Pattern Recognition with Google Analytics - paraschopra
http://econsultancy.com/blog/4155-pattern-recognition-with-google-analytics

======
paraschopra
I am reproducing my comment on the article here as well:

Interesting Article. Though this is not exactly pattern recognition, but
segmentation does reveal a lot of insights. For example, as you hinted,
organic traffic differs in behavior from social media traffic, which again
differs from your loyal visitors. Also, with this kind of analysis you can
observe what is the most profitable/active segment of visitors and if they
exibit any common characteristics.

However, this is just the first step. Once you infer patterns in your traffic,
the next step is to leverage that knowledge. For example, having information
that visitors who visit your site by searching 'computer problems' are more
likely to signup for newsletter does not really hold any value unless you
start targeting such visitors with a more prominent newsletter box.
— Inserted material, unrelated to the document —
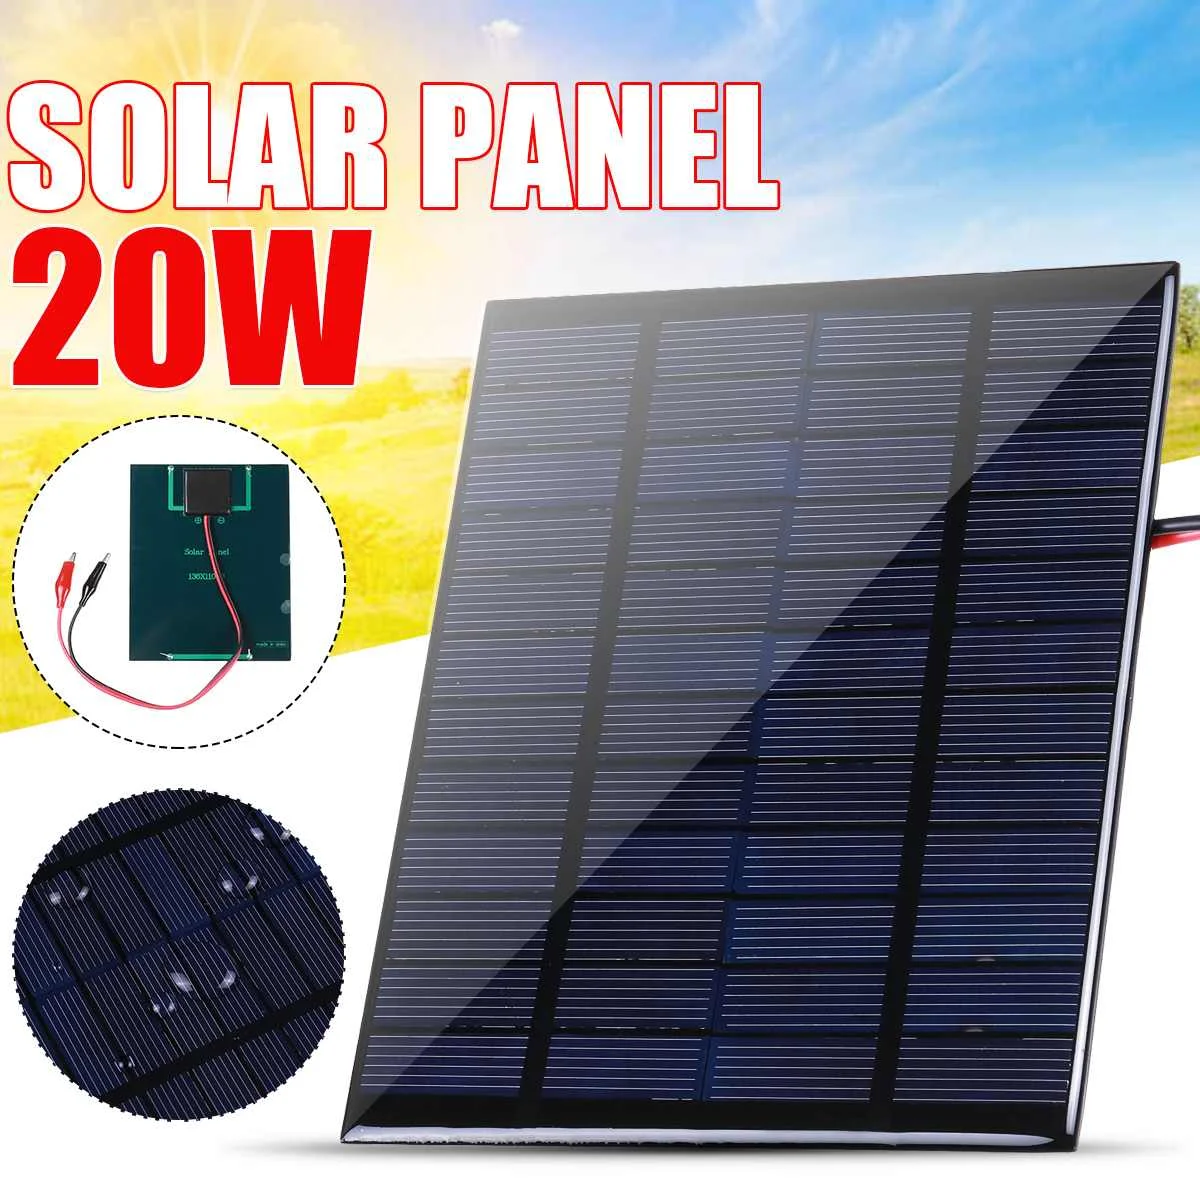 

20W Solar Panel 12V Polycrystalline Silicon Solar Cell DIY Cable Waterproof Outdoor Rechargeable Power System For Lamp Fan Pump

And this is where analytics software such as Google Analytics fall flat. You
have to do custom coding in your site to do such kind of fine grained
targeting. And since there could be tens or hundreds of such segments, the
whole activity of targeting becomes cumbersome and starts to look ROI-less.

We, at Wingify ( <http://www.wingify.com/> ), are trying to develop a solution
to help websites setup exactly the same kind of targeting that I have written
above. Not only does our solution has more advanced segmentation capabilities
than GA, it also gives you freedom to target those segments on your site.
Moreover, you can also setup split and multivariate tests for those segments
to see how much is targeted content/UI/adverts better than non-targeted ones.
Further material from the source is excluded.